El Catatumbo terminó convirtiéndose en el símbolo más crudo del fracaso. Allí, el ELN desplegó ofensivas casi simultáneas en varios municipios, desplazó familias, asesinó líderes sociales y demostró que su estrategia no había cambiado. El propio Gobierno calificó esos hechos como crímenes de guerra y anunció la suspensión de los diálogos. No era la primera vez. Ya antes había ocurrido lo mismo: la mesa se congelaba, se anunciaba una pausa, se hablaba de reflexión, y luego todo volvía a empezar sin que nada esencial se hubiera corregido.
Lo que distingue este momento es la acumulación. Cada ataque, cada muerto, cada suspensión fue erosionando la credibilidad del proceso y, con ella, la figura de quien lo encabezaba. Vera Grabe quedó atrapada en una paradoja: mantener viva una negociación sin avances concretos mientras la guerrilla multiplicaba las demostraciones de fuerza. Su permanencia en el cargo, respaldada por el presidente, empezó a parecer menos una estrategia y más una negación. Un intento de sostener la narrativa de la paz total aun cuando la realidad insistía en desmentirla.
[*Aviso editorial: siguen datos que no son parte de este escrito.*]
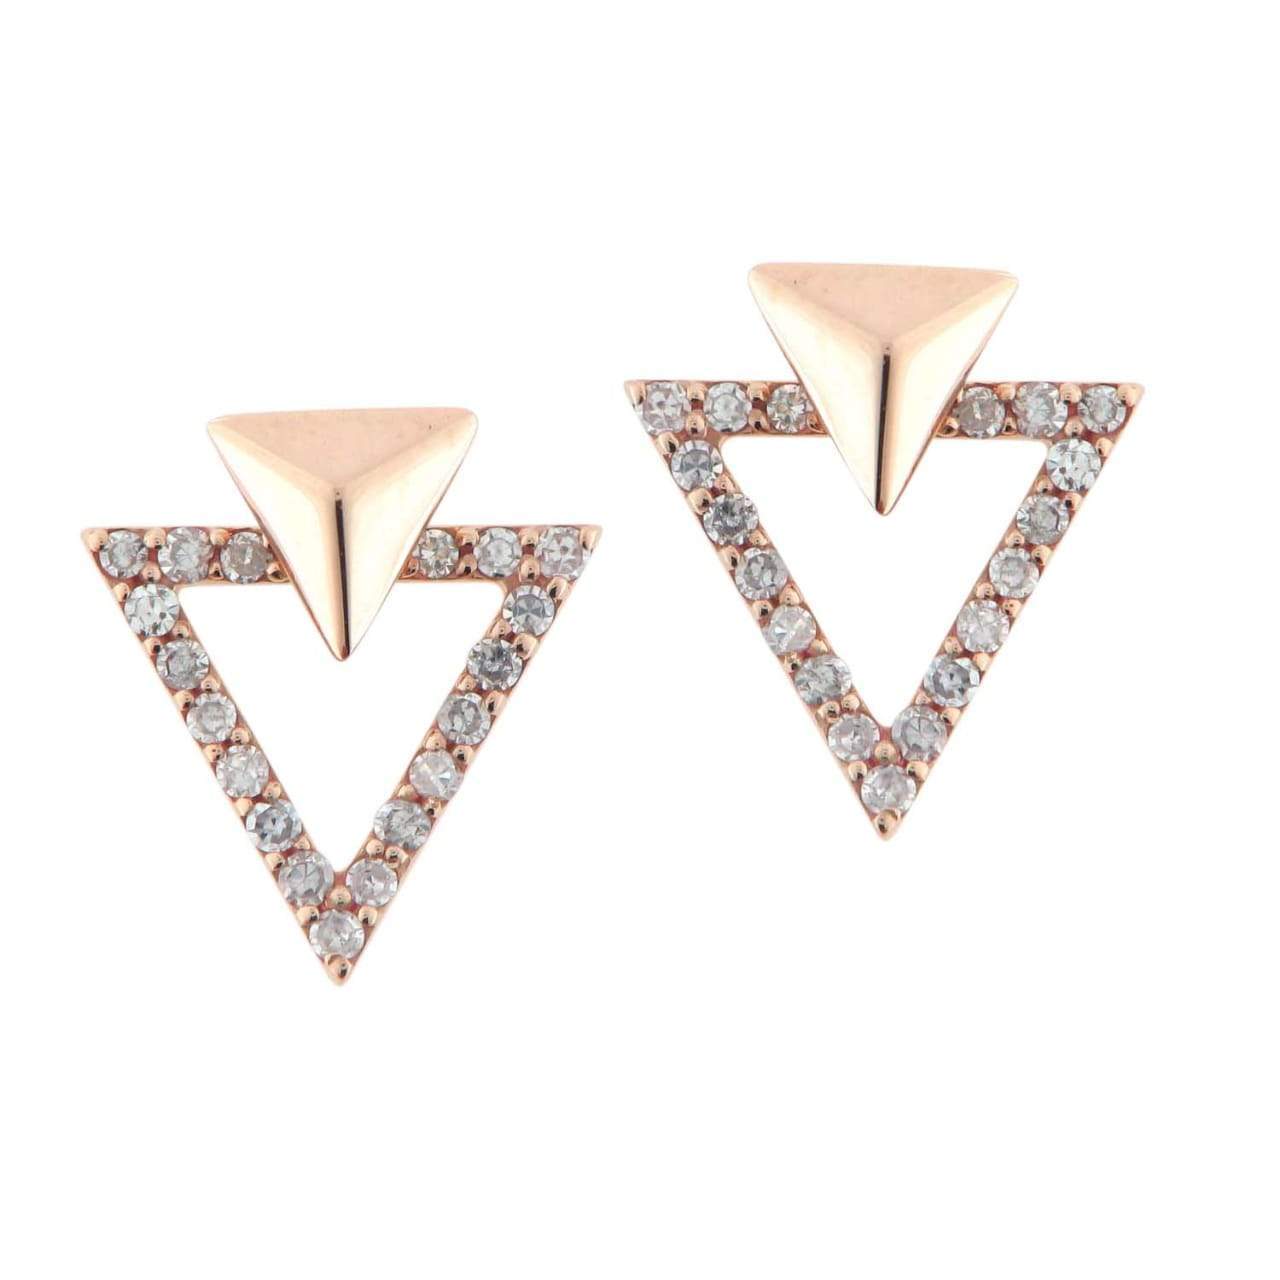 Tri-Angled Diamond Earrings-Earrings-Isle of Her-Made to Order-Isle of Her

El atentado de Aguachica terminó de desnudar esa contradicción. Mientras el país contaba soldados muertos, la mesa de diálogos es hoy un escenario distante, incapaz de incidir en lo que realmente importa: que no sigan matando. Alias Wilser y otros mandos del ELN siguen actuando actuaban como si nunca hubiese intensión de paz.
El Gobierno ha intentado explicar este fracaso señalando la falta de voluntad del ELN. Y esa explicación es cierta, pero incompleta. También ha habido una incapacidad estatal para poner límites claros, para condicionar la negociación a hechos verificables y para asumir costos políticos cuando la apuesta no funciona. Mantener a la misma jefa negociadora, con un salario alto y sin resultados visibles, se convirtió en una señal de continuidad que contrastaba con la magnitud del fracaso.
No es la primera vez que el Estado colombiano fracasa en diálogos con el ELN. Ha ocurrido con gobiernos de distintos signos, en distintos momentos. La diferencia ahora es que este proceso había sido presentado como una de las banderas centrales del mandato de Petro. Su derrumbe no es solo un revés táctico, sino un golpe a la promesa de una paz total que, en el caso del ELN, nunca pasó de ser una aspiración.